This month’s “Agree to Disagree” is up now on Richmond.com. The topic is Obama’s Inaugural Address.

It’s fashionable in some quarters to caution against getting too excited about the ascendancy to power of Barack Obama. Some hard core conservatives still mock Obama’s progressive idealism, while at the other end of the spectrum some on left activists are already convinced Obama is just a re-branding of American imperialism.

The skeptics and cynics should have been at Boaz and Ruth Tuesday morning as Obama took the oath of office. The North Side community development organization, which focuses on training, life skills, and job placement for recently released prisoners, sponsored a special luncheon at its diner Fire House 15 on Meadowbridge Road. The gathered crowd—white and black, young and old—cheered when it was announced (at high noon) that Obama was now the president, cheered again after the oath of office, again during the speech, and once more after Joseph Lowery’s benediction.
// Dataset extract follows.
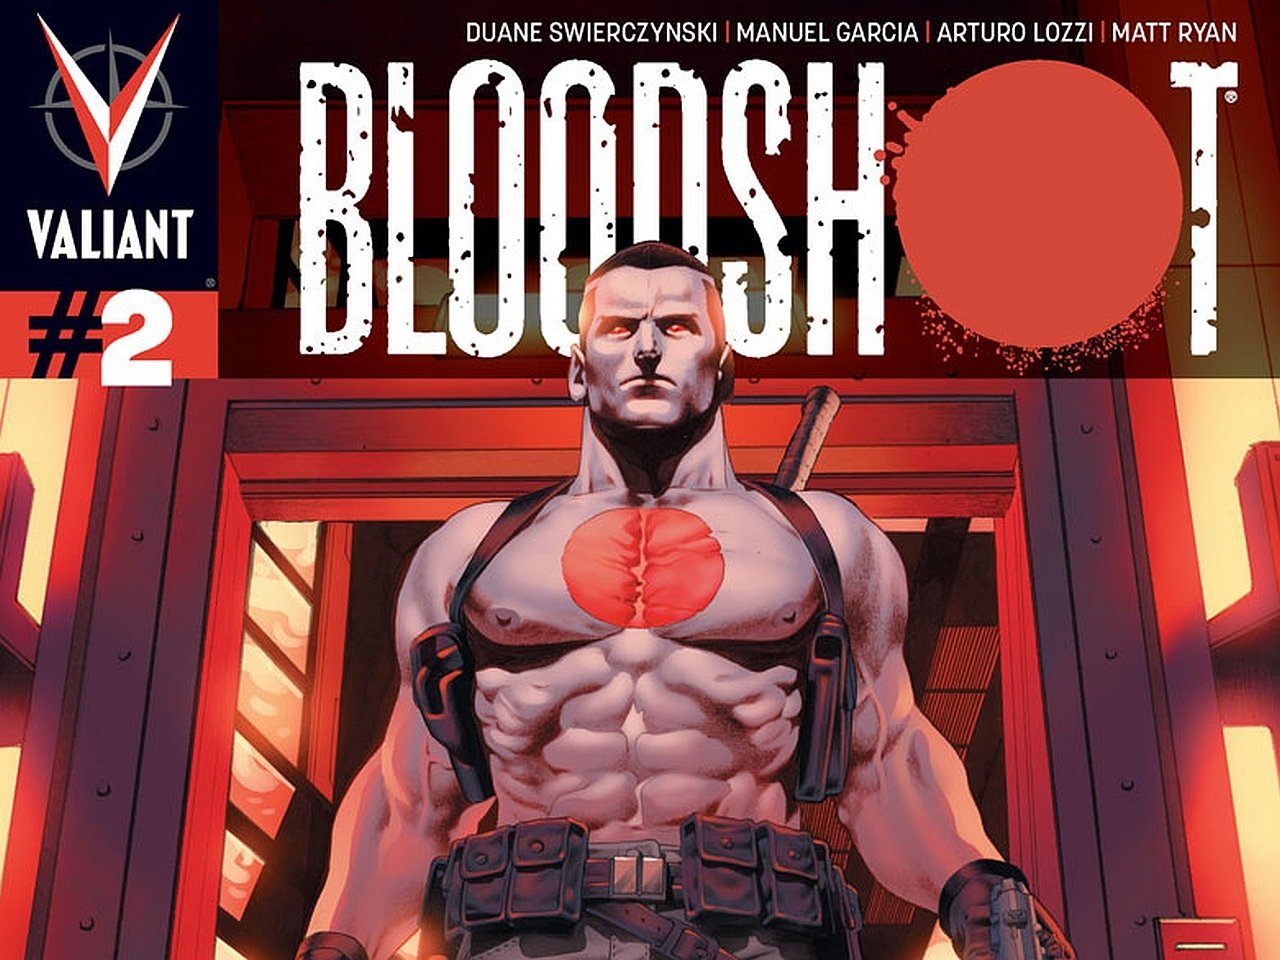 download bloodshot comic
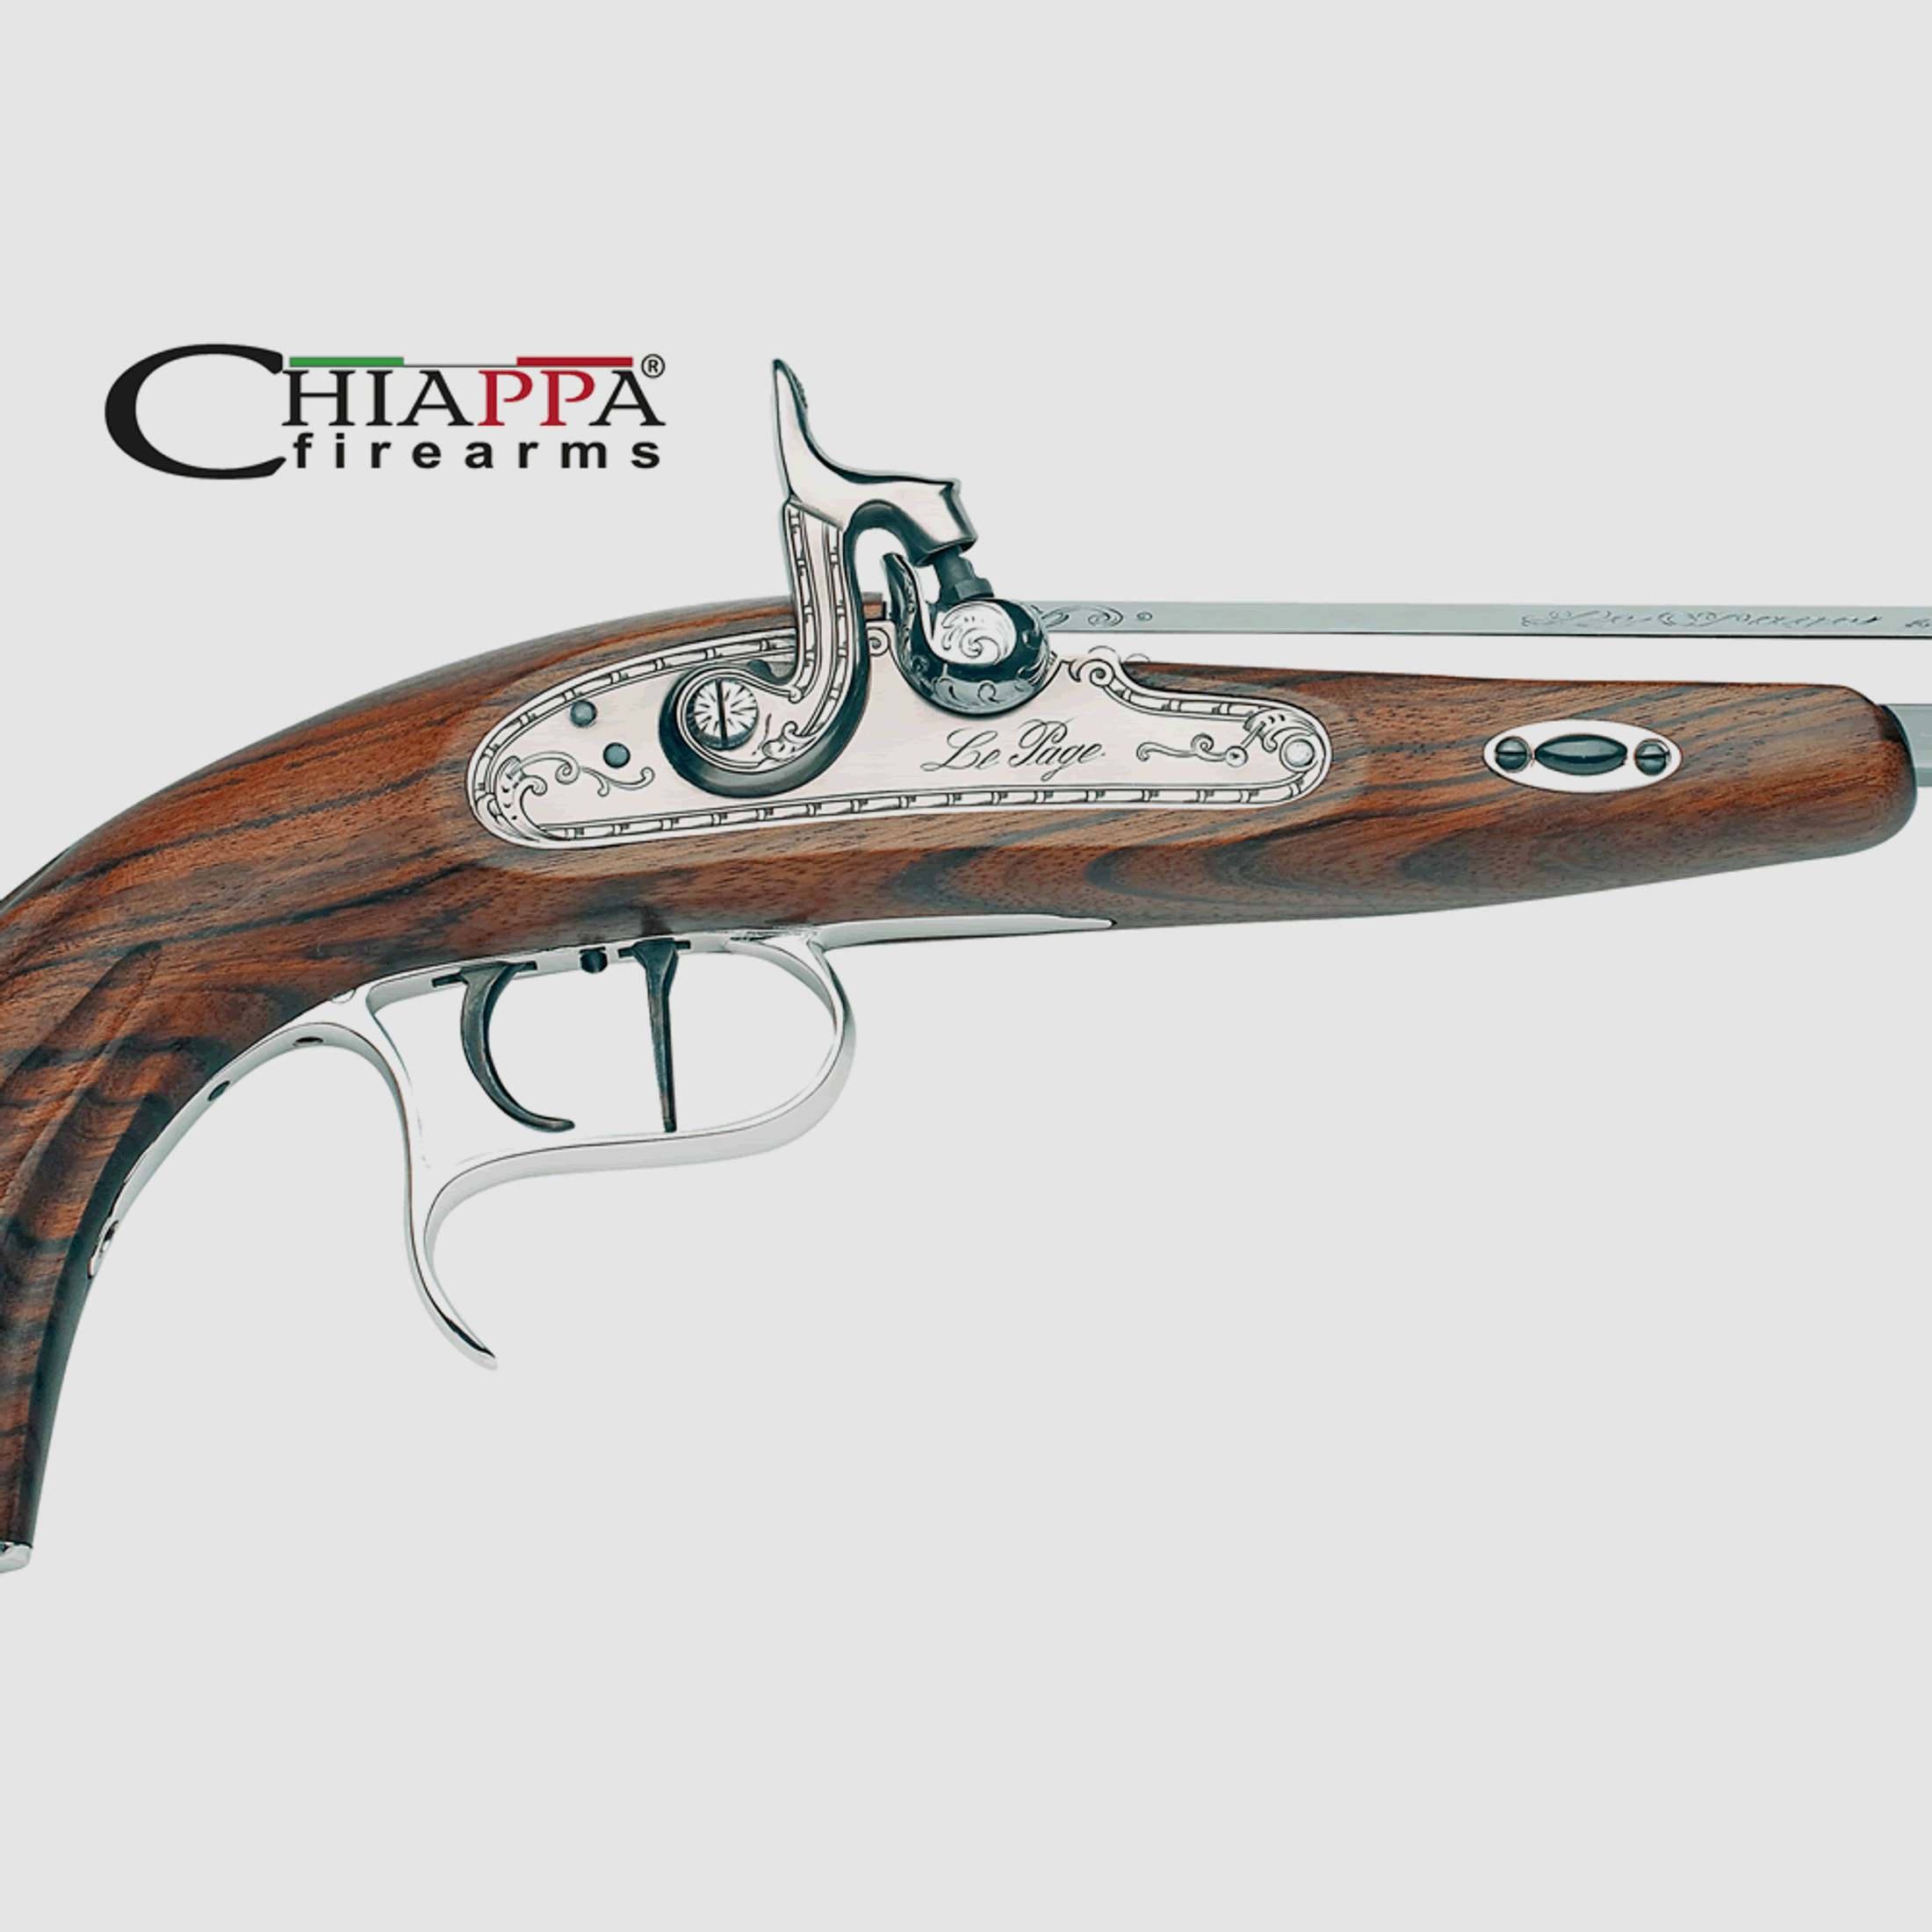 Vorderlader-Pistole Chiappa Napoleon Le Page, cal .45, 10 Zoll LauflĂ¤nge, white (P18)

For the crowd at Boaz and Ruth, this was an unambiguous moment of hope and promise that this country might change its direction and become something different in the new century.

But what is it we are to become? For the skeptics have a point: not everything can, will or should change at once. In four and eight years America will still be country that spends vast billions on the military, that still has vast differences in life opportunity between the best-off and the least-off, that still burns too many fossil fuels and releases too much carbon into the atmosphere.

Moreover, in the normal course of events, gridlock and delay are the rules of American politics. This is particularly the case with respect to progressive legislation that aims to contain or challenge powerful private interests. Getting any kind of meaningful health care bill passed, for instance, remains a monumental political challenge. Generally speaking, the capacity of liberal reform to re-shape or alter long-term trends towards greater social inequality is limited.

And yet, due to the variety of crises we face and the public’s hunger for a new approach, the forces of the status quo at this moment are unusually weak. Prospects for passing meaningful progressive reform legislation is now higher that any time since the Congressional session of 1965-66 (in the wake of Lyndon Johnson’s landslide win in 1964). As Obama reminded us Tuesday, nothing is a given, but the opportunity is there to undertake a substantial shift in direction.

Two phrases from Tuesday’s speech stood out for me as indicators of what that shift in direction might look like. The first was Obama’s remark that the strength of our economy is not to be judged simply on the size of the GDP but “on our ability to extend opportunity to every willing heart.” In the context of an economy in which living standards for persons in the bottom half of the income distribution have stagnated or declined for some 35 years, even as the GDP has grown and grown, that was an important comment to make—one with radical implications, if it were taken seriously.

Extending “the reach of our prosperity” to every “willing heart” should mean supporting and expanding programs like Boaz and Ruth in every neighborhood in Richmond and every neighborhood in America, not simply handing over billions to failed corporate banks. Better yet, it should mean linking a serious effort to rebuild our decaying urban infrastructure with a serious effort to provide good jobs capable of supporting families and stabilizing communities.

The second phrase was Obama’s charge that “we can no longer afford indifference to suffering outside our borders,” a comment coupled with a commitment to help the world’s poorer countries “nourish starved bodies and feed hungry minds.” The notion that America has a positive moral obligation to assist the billions of fellow human beings living in or near poverty conditions has never been particularly popular among the American public—partly because of “indifference” and partly out of the view that we should help our own first.

But Obama’s statement makes the case that a greater degree of justice at home and movement towards a different relationship with the world can and must go hand in hand. Again, this is a bold claim—if we take it seriously. In reading through Obama’s books in recent weeks, I’ve frequently wondered whether the president still has the same burning desire for social justice evidence in those books, and worried about whether the realities of power politics will dampen or even extinguish the impulses which propelled him into public life in the first place.

Obama’s Inaugural Address, even its rhetorical restraint, provides clear evidence that the passion for justice and commitment to serious social change—on a local, national, and global scale– is still there. To change the way we think about what counts as a successful economy and what a just relationship with the rest of the world is a big deal, and a tall order for any President. But Obama has placed the markers down for all to see of his intent to do just that. In the process he has provided a clear standard for evaluating the success of his presidency. That standard is not one based merely on approval ratings or even winning re-election—but on whether his administration can act consistently and effectively in support of the goals Obama laid out clearly on Tuesday: not just to tackle and solve the urgent problems at hand, but to change who we are as nation.